# Probleme beim Importieren bei Ilustrator



## Dan McHould (29. Dezember 2004)

Hallo zusammen.

 Ich habe ein Problem mit dem Importieren von Vektorgrafiken in Ilustrator 10.0.
 Und zwar folgendes: Wenn ich eine Vektorgrafik aus Vektorvorks (CAAD) mit dem Masstab 1:20 in Illustrator einfügen will (Ctrl-C, Ctrl-V, arbeite mit Windows XP) wird der Masstab von Ilustrator willkürlich gewählt.
 Wenn ich jedoch aus Vektorworks ein DXF Bild erzeuge, kann ich dies im richtigen Massstab in Ilustrator importieren. Dies ist aber nicht das, was ich benötige. Für mich wäre es von Vorteil, wenn ich die Vektorgrafiken aus Vektorworks entweder über den Zwischenspeicher in Ilustrator importieren, oder eine Verknüpfung direkt mit dem Objekt in Vektorworks machen könnte.

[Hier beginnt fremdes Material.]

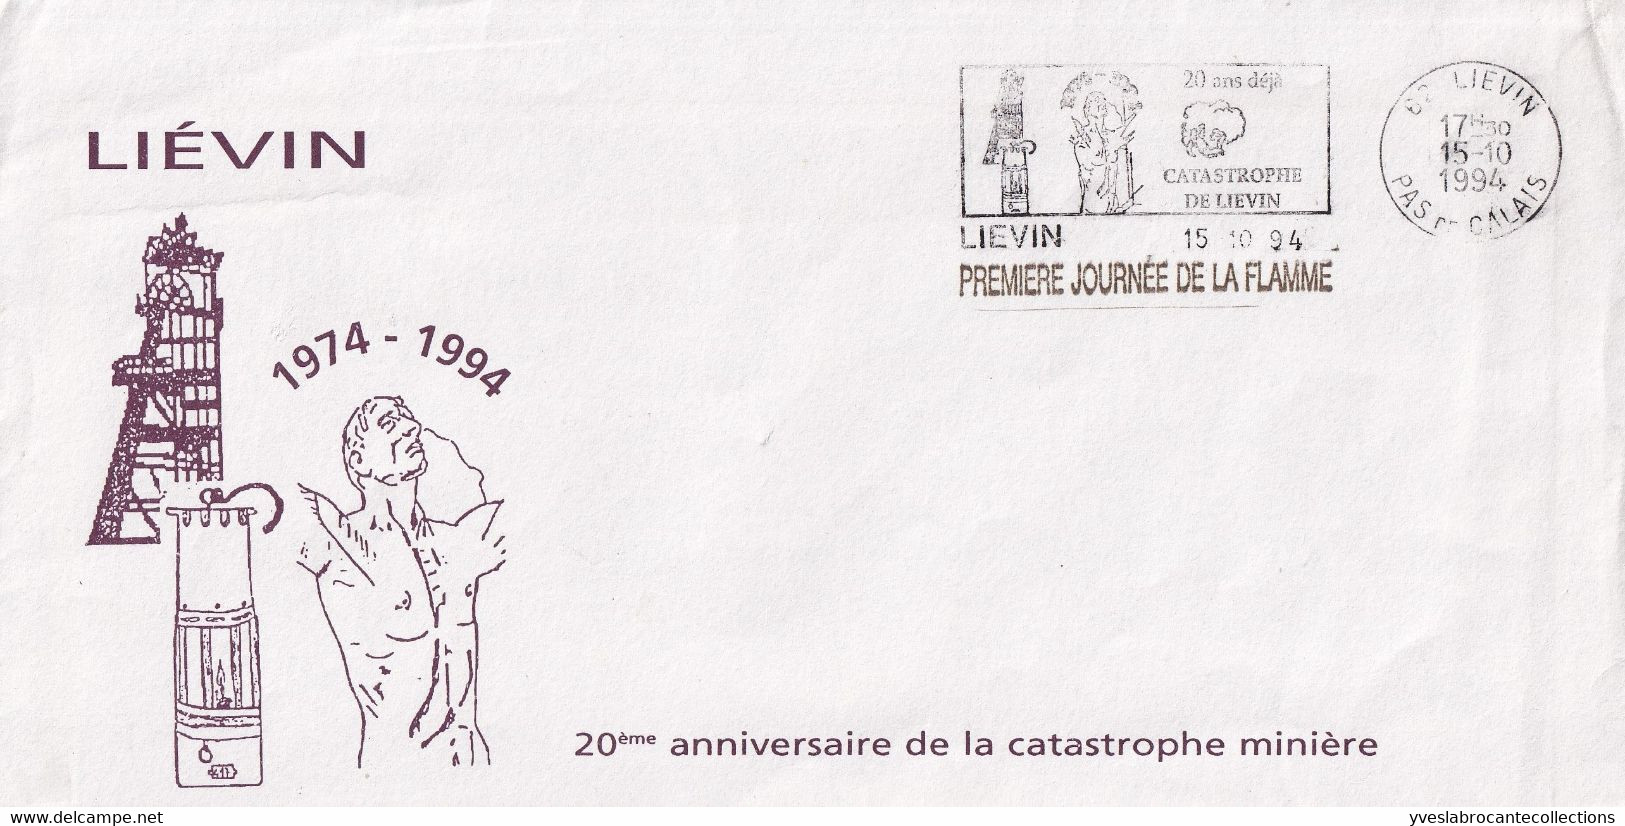 Liévin - 62 -  - Sur Enveloppe Commémorative Catastrophe Minière 1974 -  1ère Journée Flamme 20 Ans Déjà ... -15/10/94 - Annullamenti Meccanici (pubblicitari)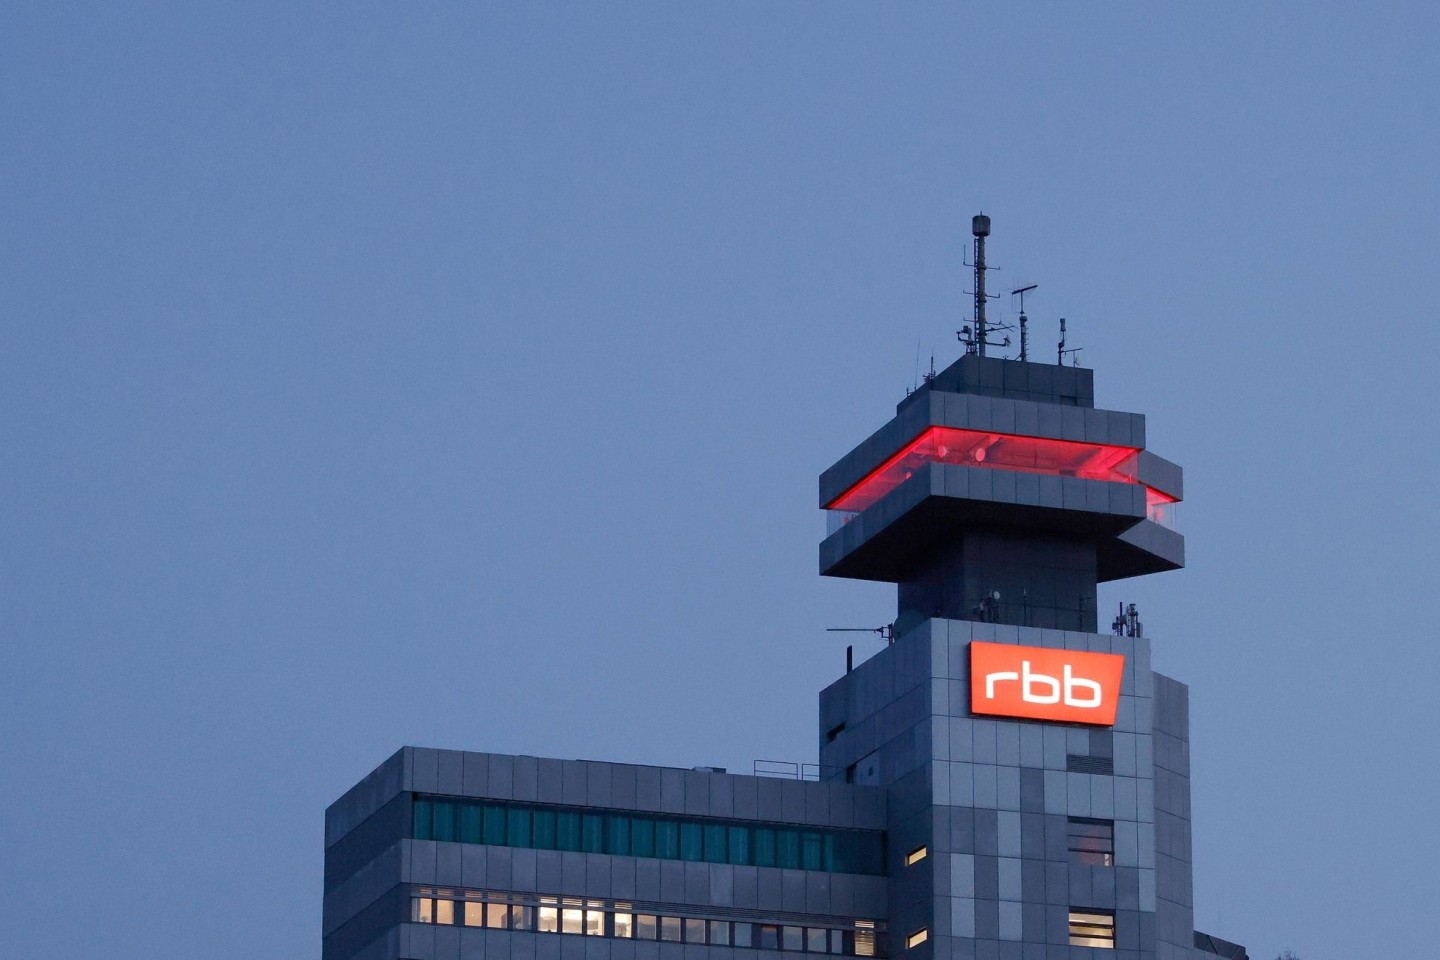 Sitz des RBB an der Masurenallee in Berlin. Der Rundfunkrat hat die RBB-Intendantin Schlesinger abberufen.

Geht das irgendwie, zumal VektorWorks ja kein Adobe Programm ist...?

 Gruss Dan


----------



## Markus Kolletzky (3. Januar 2005)

Hallo,

Ich hoffe, ich verstehe Dich richtig: Wenn Du aus Vektorworks problemlos den richtigen
Maßstab im dxf-Format importieren kannst, wieso speicherst Du dann dann nicht diese
Datei im Illustrator-Format (*.ai) ab und bearbeitest sie dann? Der Maßstab müßte normaler-
weise korrekt übernommen werden.

Ansonsten wäre ein weiterer Ansatz in VW über Strg-A und dann per Drag 'n Drop die Vektoren
in den Illustrator hereinzuziehen.

Hoffe, etwas geholfen zu haben
Markus


----------